I am reading this as at some point in the AI it's future behaviour was completely determined by a (very detailed) principle. It's a little ambigious on how far the hits are attempted. I am thinking of a strategy where the AI would entertain different kinds of making itself naiive with different processes would predictably end into diffrent answers. That is if it has an utility function of utility functions and the verification mechanism only tracks the last utility function point that totally determined the future behaviour (as if the naive version was the whole truth).
There is also no mention whether the F need to be epistemically relevant. It need not model how the AI would view to world just actual control over it's behaviour. Also for answers that don't reference any claim on how the answer was reached this just means the answer was generated with a method (which I am not sure increases information). If the output was "According to relativistic utilitarianism you should do X" you can check that F doesn't have any relation to relativistic utilitarianism. However if the output is plainly "you should do X" or "I think you should do X" this doesn't tell anything the AI couldn't be caught about.
Also if the F is a very straight to the face psychopathic lier principle it's not clear it would be "busted" about it. F need not be human readable and it might very easily by obfuscable by including details that almost never get triggered but as read on a paper would suggest a certain kind of story (ie insertion of dead code for purposes of communicating via the verification process). Or it could just spout "You should kill yourself" or "you should do this activity" and that activity happens ot be lethal but if it honestly has that opinion it would not be busted as a liar.
I guess with these discoveries I would lean on trying to make questions that will need to claim that paricular theories have particular results.
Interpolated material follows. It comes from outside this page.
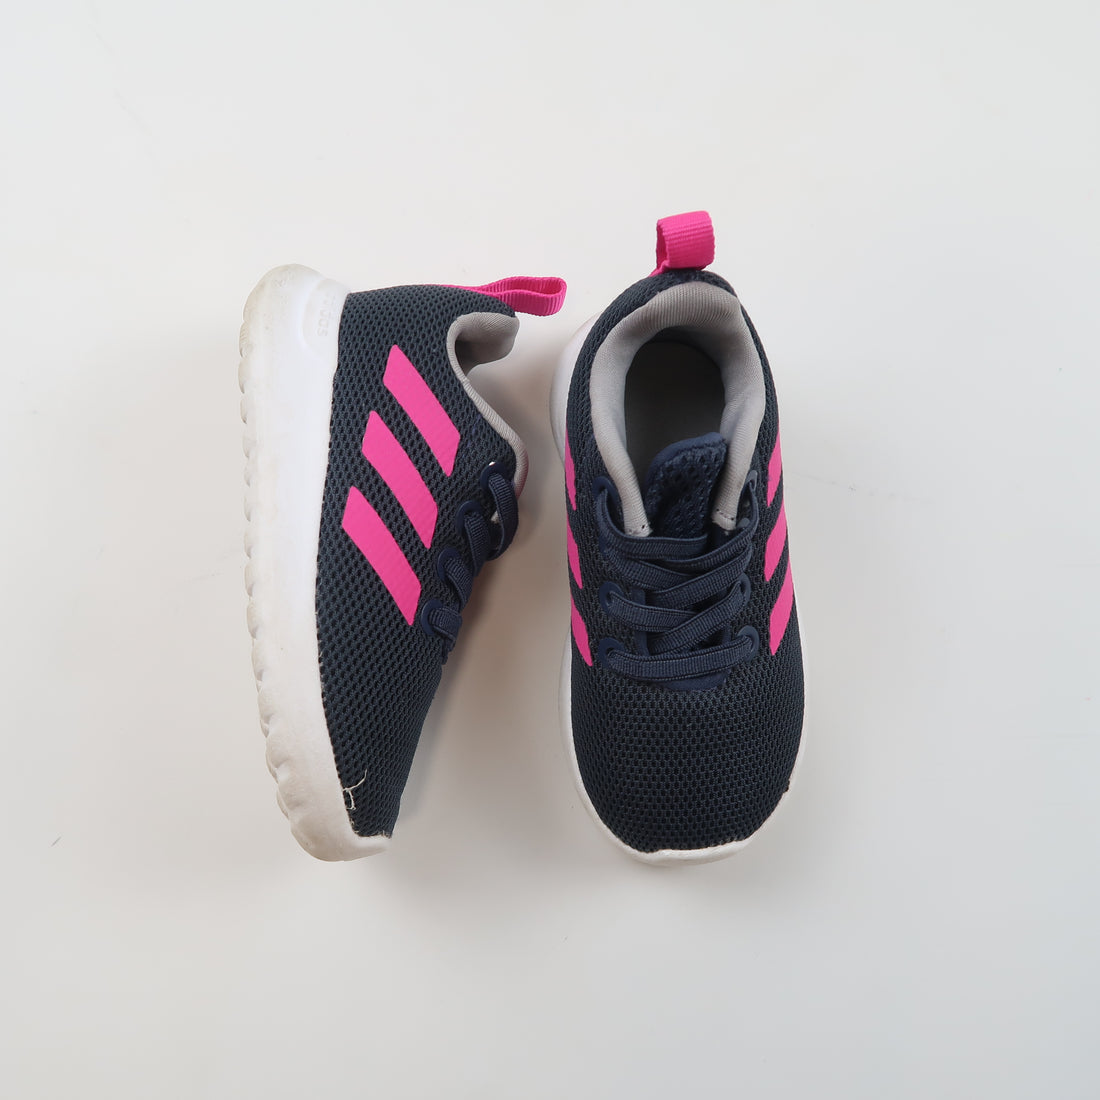 Adidas - Shoes (Shoes - 5)

But that seems akin to running foreign code that I know to be able to check that F is an instance off. Thus I could not tap into the AIs original insigths which seems to miss a lot of the power (after all if I have the computation rules to abide by why not just run them on dumb dedicated hardware=).
That is it gives no guarantee about the AIs own original input being fit for answering the question. Ie I can't trust his word on anyting and evertying that I can trust can be traced back to the content of the question.
The AI doesn't output the utility function, the deception detector does. It runs at a protected layer where it observes the AI program in action and summarizes its behavior, compressing large computations down to a description of the search space and methodology, the goal requirements (utility function) and the results.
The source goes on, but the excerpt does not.